Положение империи было тем более критическое, что турецкие орды (печенеги и сельджуки) наступали одновременно в Европе и Азии и что турки-сельджуки стремились подать через пролив руку своим единоплеменникам в Европе. Предприимчивый турецкий пират Чаха, когда-то приведенный малолетним пленником в византийскую столицу, воспитанный при дворе Никифора Вотаниата, облеченный титулом протонобилиссима, потом изменивший своему второму отечеству для первого родного, питал широкие замыслы, которые не доступны были до сих пор турецкой ограниченности сельджуков. Он понял, что самый жестокий удар Константинополю можно нанести с моря. Чаха завел при помощи смирнских греков собственный флот, завладел приморскими городами Фокеей и Клазоменами, островами Лесбосом и Хиосом[58] и завязал сношения с печенегами, которые были ему хорошо известны со времени пребывания в Константинополе. Какие-то печенеги, неизвестно откуда появляющиеся, сообщали ему сведения о движениях и намерениях византийских воевод. Необходимы были решительные меры и надежные силы, чтоб остановить дерзкого пирата. Алексей отправил в Малую Азию фландрских рыцарей, откуда, впрочем, несколько позже они снова были вызваны в Европу.
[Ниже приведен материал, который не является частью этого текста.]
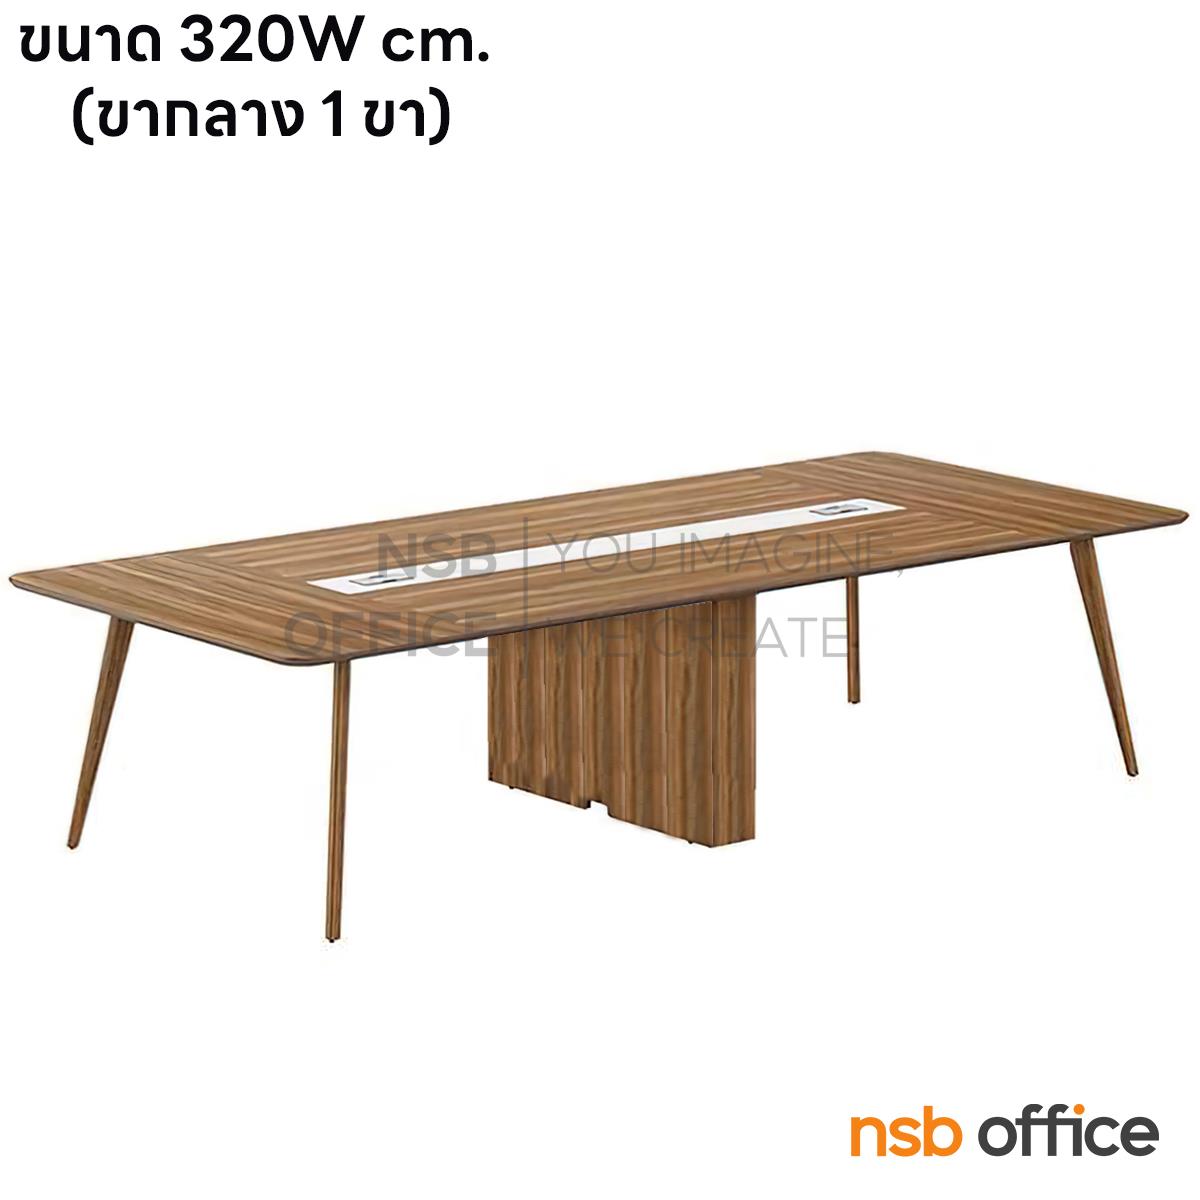 A05A257:โต๊ะประชุมทรงเหลี่ยมมุมมน รุ่น Jacob ll (เจคอบ 2) ขนาด 320W ,480W cm ขาไม้จริง

Себе император предоставил справиться с печенежским погромом. Тяжело прошло для него лето 1090 года. Вследствие лагерной жизни, душевных и физических тревог его мучила жестокая лихорадка. Ему приходилось быть свидетелем сцен потрясающих, унизительных для его достоинства и молча глотать оскорбления, подавлять и скрывать гнев в глубине души. Один значительный печенежский перебежчик на глазах императора заколол человека, который, благодаря своему знанию печенежского наречия, обличил варвара в обмане или даже явной измене. На царском коне, подарок которого должен был свидетельствовать об отсутствии гнева в душе Алексея, сметливый варвар ускакал потом к печенегам, понимая, что дерзкий поступок не пройдет ему даром и что только минуты отделяют его от неизбежной казни. Другой его товарищ несколько раз переходил с одной стороны на другую и, несмотря на то, не был подвергнут никакому наказанию. Так мало надежны были те элементы, которыми приходилось пользоваться византийскому императору.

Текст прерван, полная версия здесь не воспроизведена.